Citing Metropolitan Transportation Authority cries of poverty, opponents
        of the massive Atlantic Yards development project and mass transit advocates
        are calling on the MTA to seek top dollar for its valuable land.
        Developer Bruce Ratner would use the site — east of the junction
        of Flatbush and Atlantic avenues — to build a residential and commercial
        complex and an arena for his New Jersey Nets basketball team.
        The cash-strapped MTA is facing a $1 billion deficit by 2006 and recently
        announced that it may need to raise fares and cut back service.
        The agency holds title to 10 acres of land currently used as storage yards
        for the Long Island Rail Road, stretching between Atlantic Avenue and
        Pacific Street from Flatbush to Vanderbilt avenues.

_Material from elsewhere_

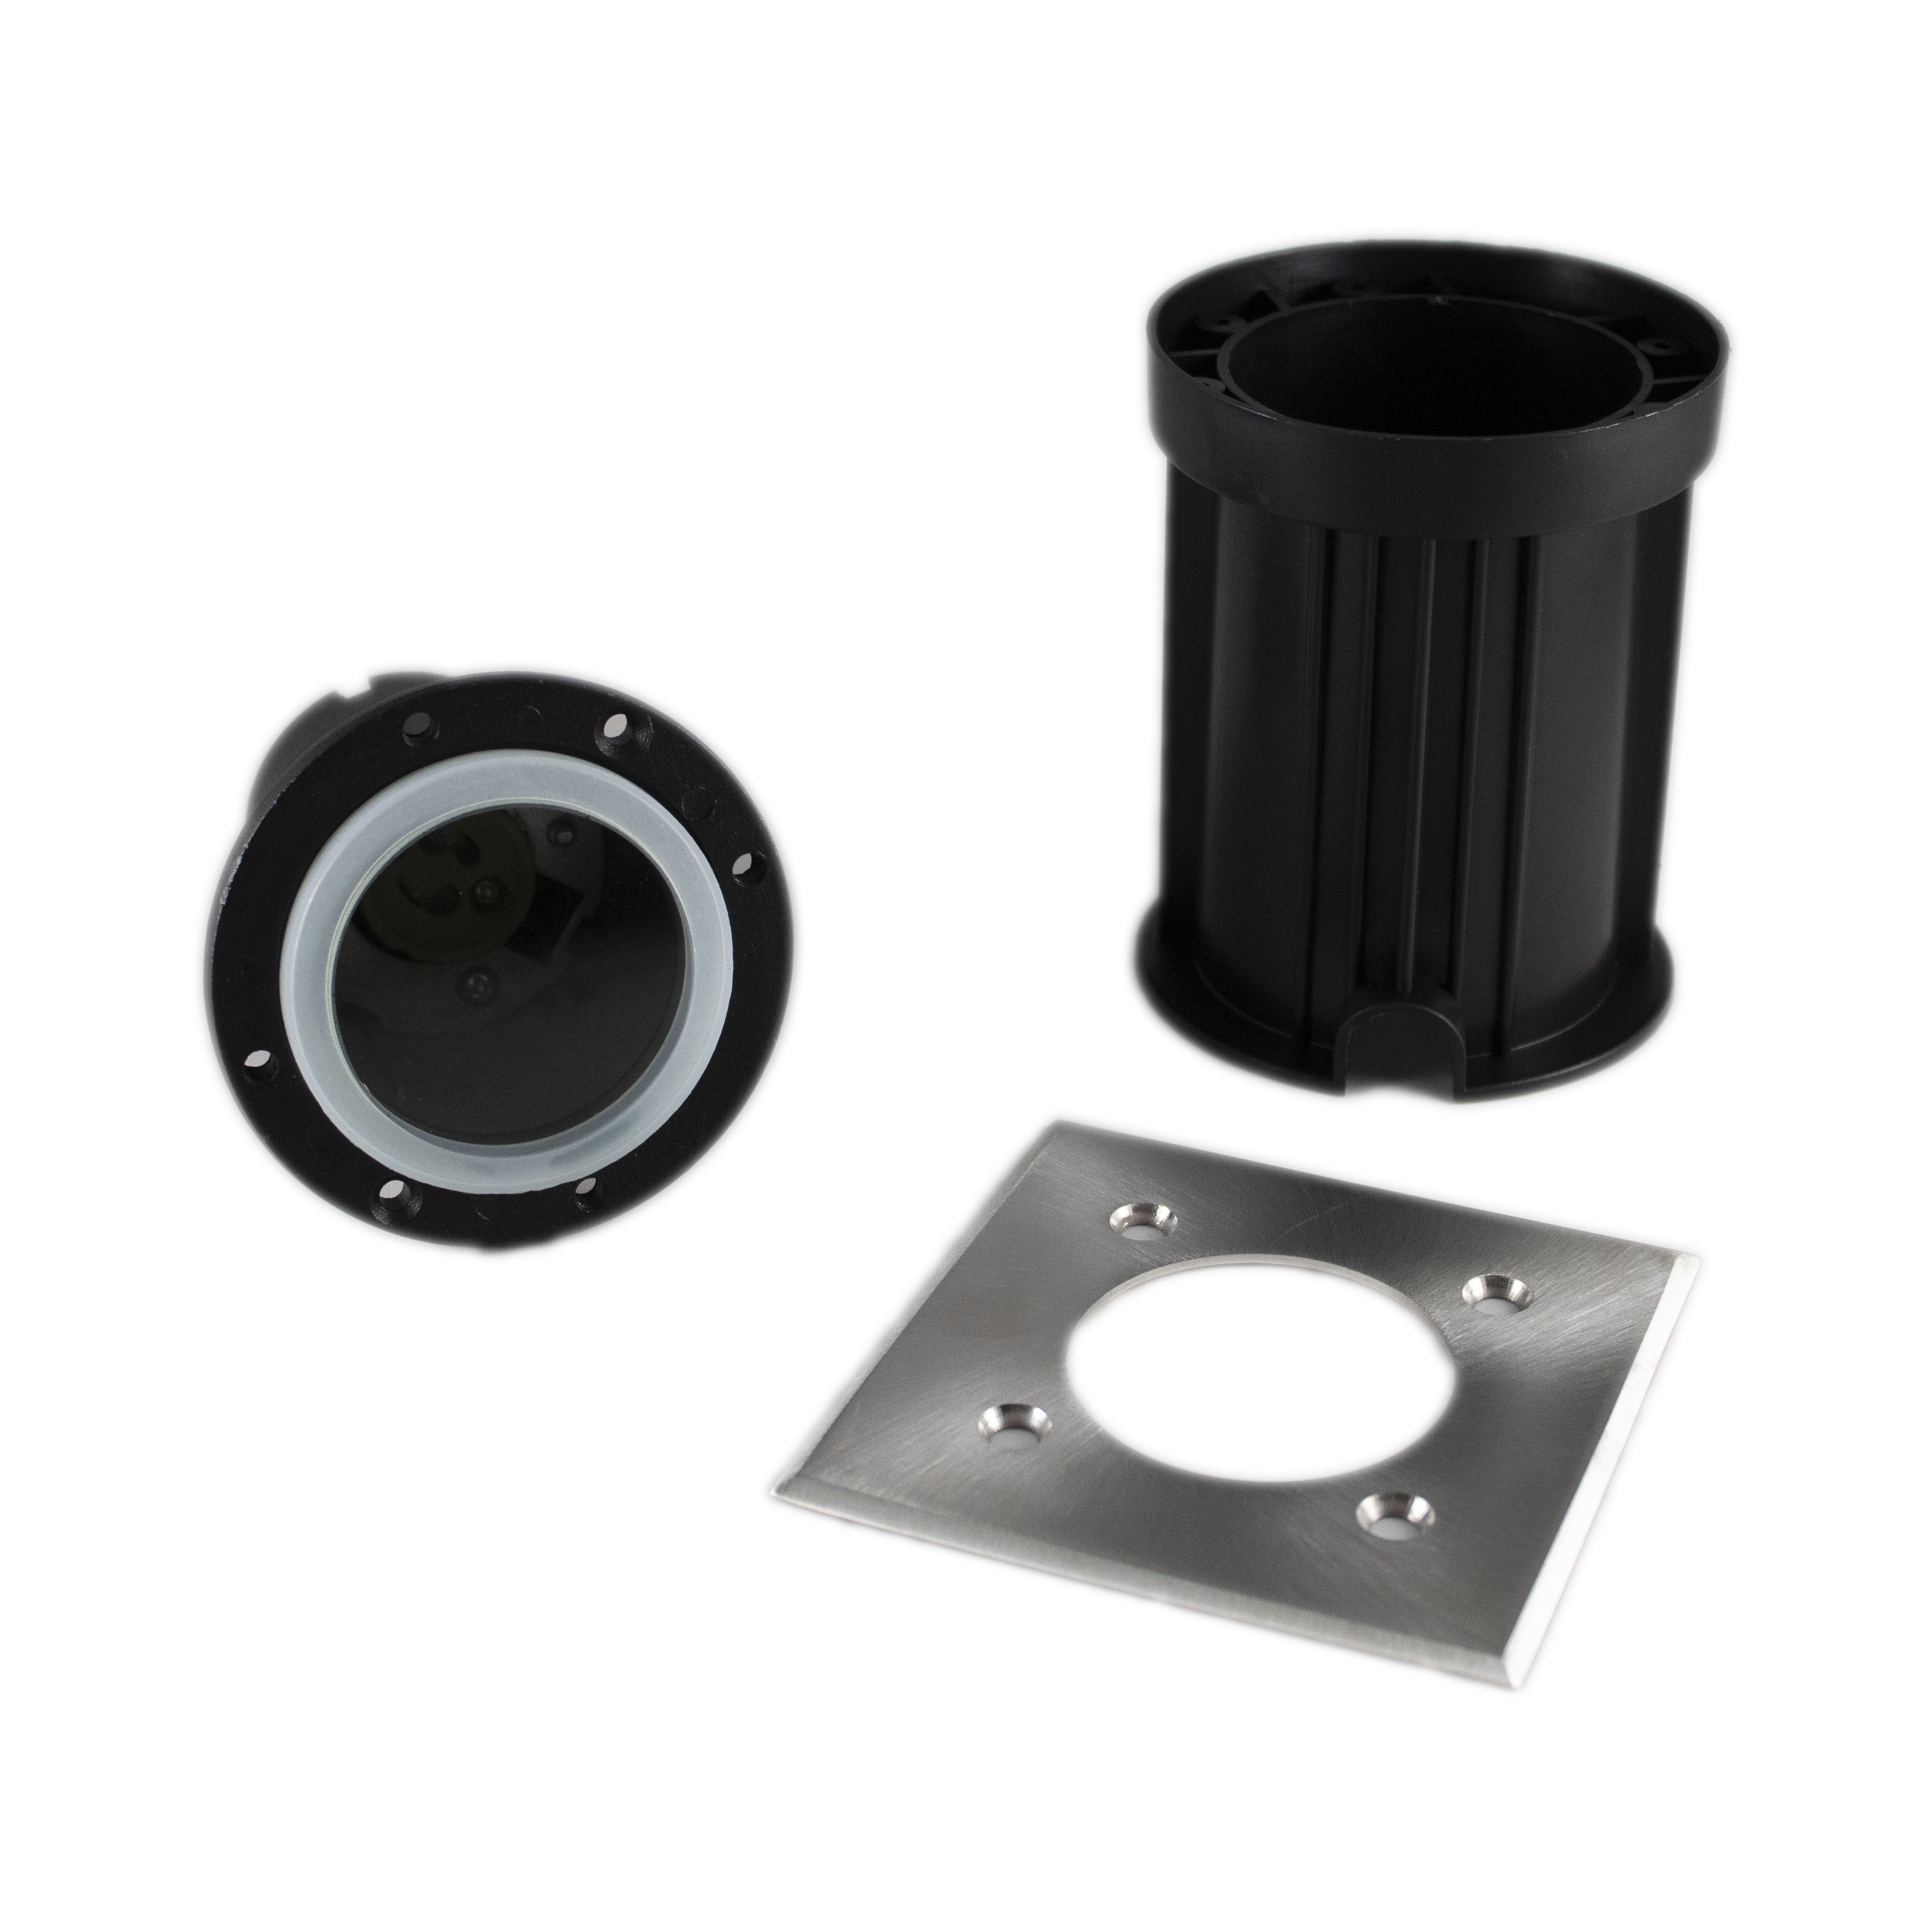 Led grondspot vierkant IP67 1 keer GU10 fitting - onderdelen waterdichte grondspot

Ratner proposes to
        top the storage yards with half of his Atlantic Yards development which
        he has said could cost $2.5 billion to complete.
        At the MTA monthly board meeting in March, chairman Peter Kalikow said
        he would seek “maximum value” for the site. “I fight tenaciously
        for the rights of the MTA and the values of their properties,” Kalikow
        told reporters after that meeting. 

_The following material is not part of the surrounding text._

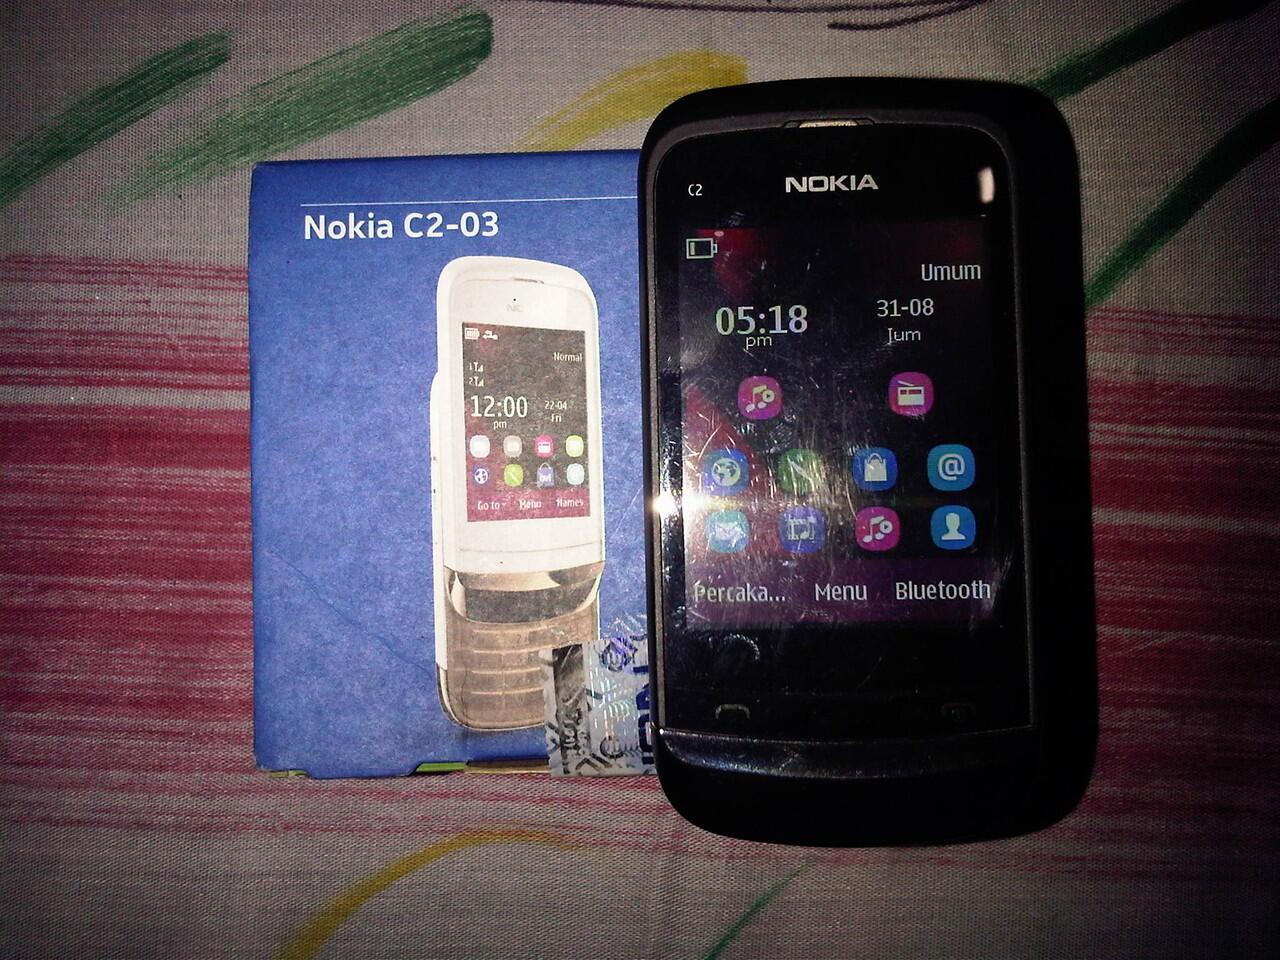 Nokia c2 - 03 Garansi Resmi Nokia. MURAH GAN!!!

        But when asked if the MTA planned to put out a request for proposals on
        the site — effectively putting it on the open market — Kalikow
        said, “I don’t know.”
        Develop — Don’t Destroy Brooklyn, a community group fighting
        Ratner’s project, came out swinging this week against the MTA.
        “With the MTA threatening to raise fares and tolls, cut services
        and possibly even close stations, they owe it to straphangers and taxpayers
        to let other developers bid competitively, in order to get the best price
        possible,” said Daniel Goldstein, a spokesman for the group.
        The Straphangers Campaign, a mass transit advocacy group that has not
        taken a position on the Atlantic Yards development, says it is keeping
        a close eye on what happens with the site.
        “The MTA has no money. It’s in a huge deficit and it’s
        not the time to start giving away its assets. They should at least get
        fair market value,” said Michael Hernandez, a field organizer for
        the Straphangers Campaign.
        In a letter dated June 14 to Westchester Assemblyman Richard Brodsky,
        chairman of the public authority committee, Kalikow agreed to “retain
        the services of qualified appraisers.”
        That appraisal is still being completed, according to Tom Kelly, a spokesman
        for the MTA.
        “We will carefully scrutinize the MTA’s decision on how to proceed
        with this,” said Kelly MacMillan, a spokeswoman for Brodsky. “We’ve
        made it clear what we’d like to see done here and we expect that
        their interests and our interests should be the same because none of us
        want to see the MTA suffer financially for outside interest development
        deals.”
        To build his sweeping 21-acre project that would include four commercial
        skyscrapers, 13 residential towers and a 19,000-seat basketball arena,
        Ratner plans to either buyout or ask the state to condemn two square blocks
        of private land, in addition to his acquisition of the MTA property.